Building better datasets for India

KS Roshan Menon Updated - April 18, 2022 at 03:50 PM.

The recently released Draft India Data Accessibility and Use Policy must incorporate a principle-driven definition of data quality

MeITY released the Draft India Data Accessibility and Use Policy, 2022 | Photo Credit: bluebay2014

Recently, the Ministry of Electronics and Information Technology (MeITY) released the Draft India Data Accessibility and Use Policy, 2022. A halfway house between a vision document and a governance framework for public sector data in India, the version of the policy uploaded for comments – the MeITY has seemingly shared a second, dissimilar version of the policy online – seeks to build capacities towards the seamless sharing of such data. The thrust on seamlessly sharing high-quality data is also captured in the policy’s stated aim – to enhance access, quality, and use of non-personal data.

The passages of the policy engage robustly with two facets of this trident of aims. These are access and use. Engagement with the objective of data quality, however, is minimal, with the policy allowing discourse to linger on standard-setting. A review of this approach reveals flaws and requires careful policy consideration.

The Problem

India has a decade-long tryst with open data centric policymaking. In 2012, the Government of India issued the National Data Sharing and Accessibility Policy (NDSAP). Drawn up to realise the objective of proactive data sharing contained in the Right to Information Act, 2005, the NDSAP stressed emphatically on access to high-quality public sector data. To this end, the policy identified quality as a key principle governing data access, recognising both quality control and quality up-gradation as regulatory objectives.

Despite these policy manoeuvres, access to high-quality public sector data remains difficult in India. The Global Open Data Index ranks India 32nd among the 94 countries it surveyed, scoring it poorly on access to land ownership, locations and weather forecast data.

Quality challenges have been reported in the dissemination of geospatial data, wherein voluntary organisations have had to pitch in to make such data more accessible.

In the past, problems have also arisen in accessing quality health data, with the Indian Council for Medical Research noting the adverse impact of inaccurate data on policymaking in the sector. Overall, the lack of quality data has hindered both public and business interest, stymying possibilities for value-creation and evidence-based policymaking.

In this backdrop, the policy’s narrative arc on data quality leaves much to be desired. While the policy and its accompanying Background Note makes occasional references to the need for data quality, its core text dawdles on the mechanisms to process and disseminate high-quality public sector data.

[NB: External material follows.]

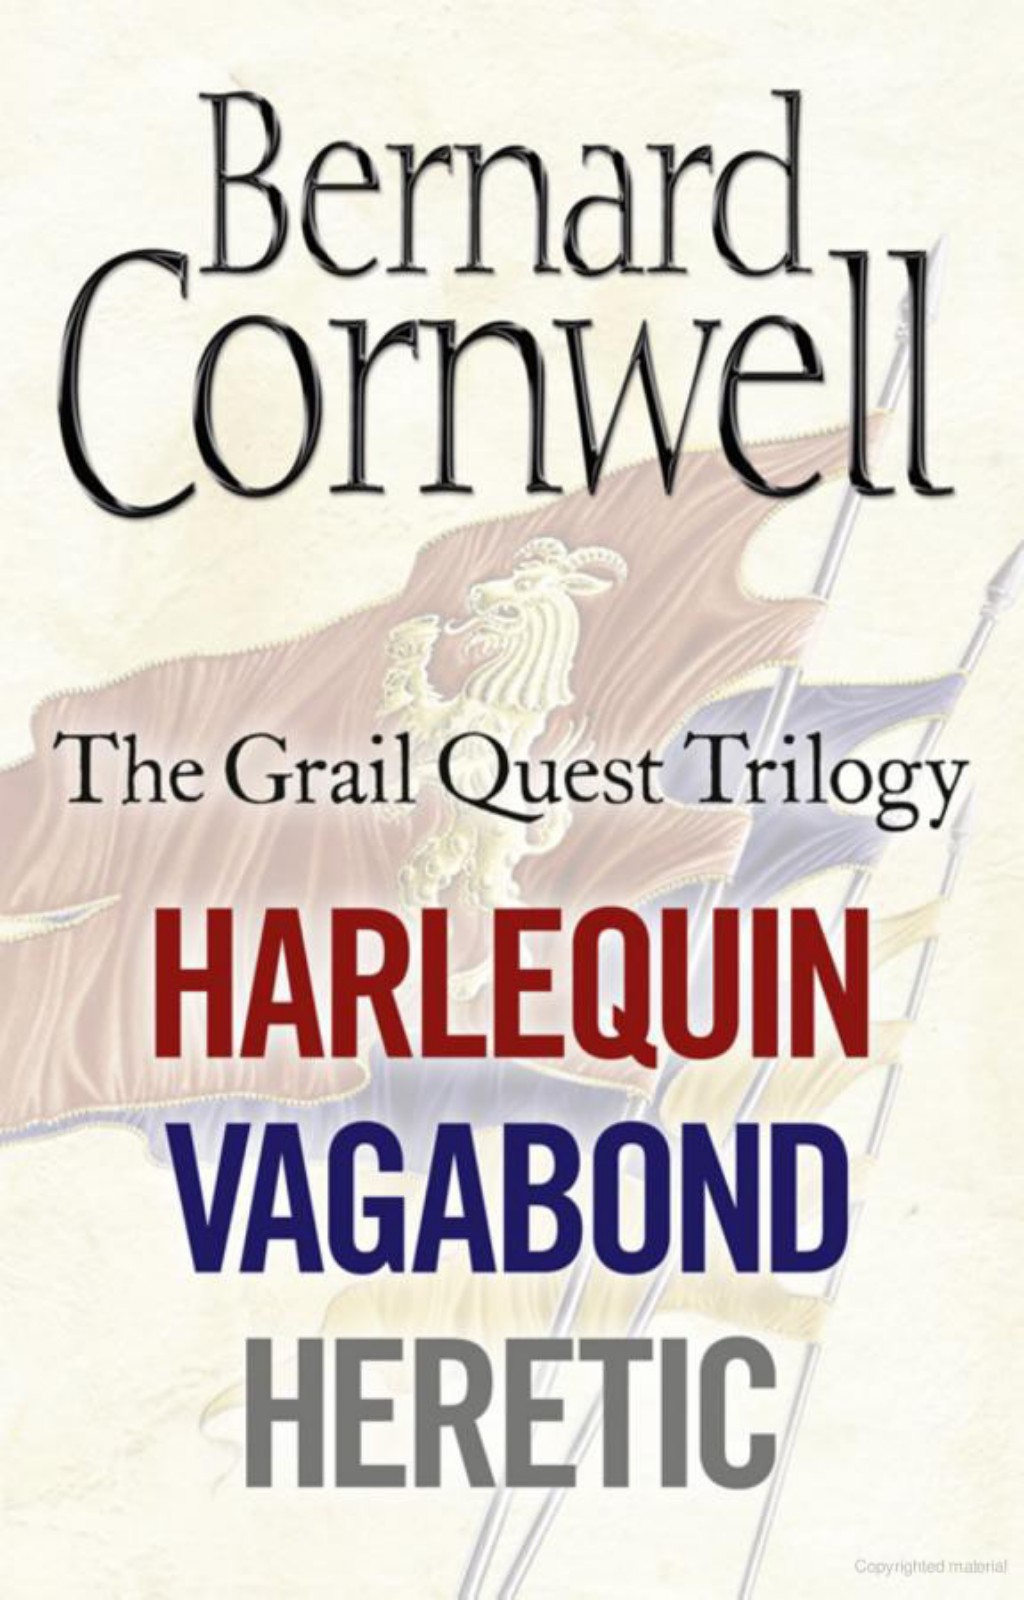 The Grail Quest Books 1-3: Harlequin, Vagabond, Heretic by Bernard Cornwell
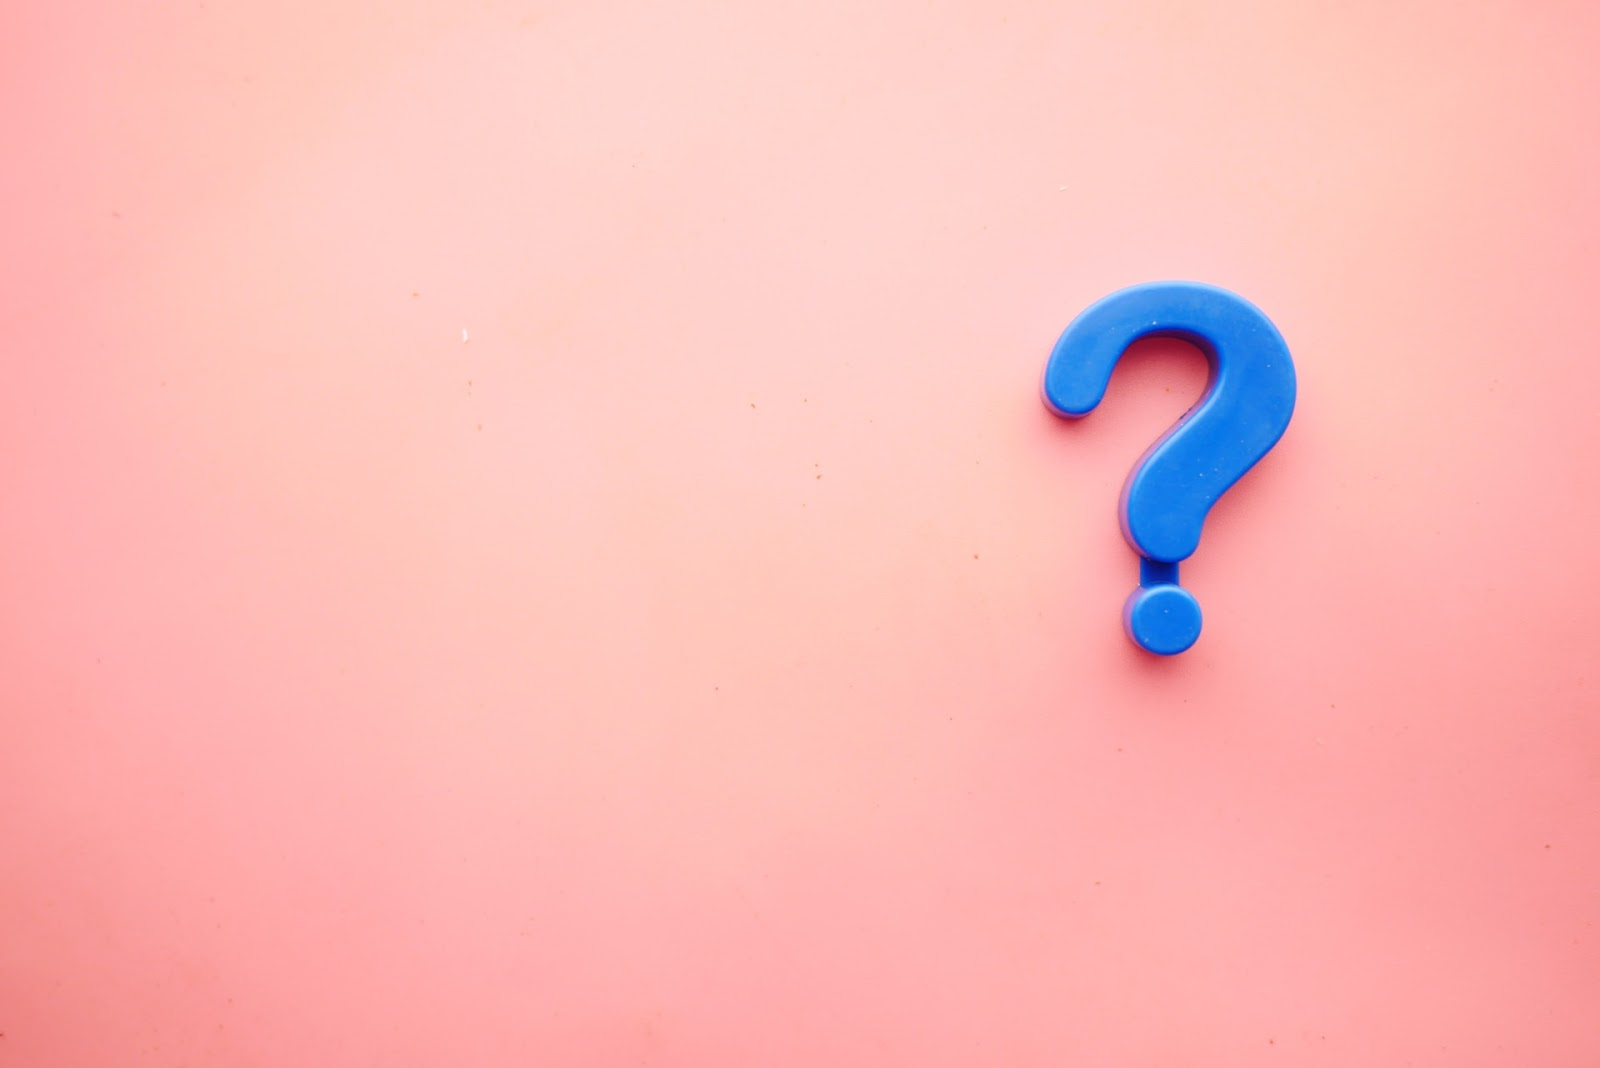 a blue question mark against a peach coloured background

More specifically, the policy decides to delegate the task of regulating for data quality to relevant ministries and the India Data Council in its entirety. By doing so, the policy subverts traditional expectations from a governance document – there is no lodestar definition of data quality that can anchor subsequent regulatory efforts. Nor does the document explicitly identify relevant data quality principles that can direct governmental agencies to make datasets richer and more meaningful.

These drawbacks hinder making high-quality datasets accessible to relevant stakeholders in India. Consequently, they require treatment in subsequent drafts of the policy. A desirable response, combining both short-term and long-term strategies, is necessary to highlight the importance of data quality in the data sharing debate.

A Possible Solution

In the short-term, the policy must incorporate a principle-driven definition of data quality. A suitable example of this is the Karnataka Open Data Policy, 2021. The policy recognises six constituent elements of data quality: accessibility, accuracy, completeness, consistency, timeliness, and uniqueness. The policy further elaborates on these elements, enabling them to act as a fetter on the data processing activities undertaken by governmental agencies. Moreover, the inputs accompanying each principle are clear and broad-based, allowing them to be animated further via targeted guidelines.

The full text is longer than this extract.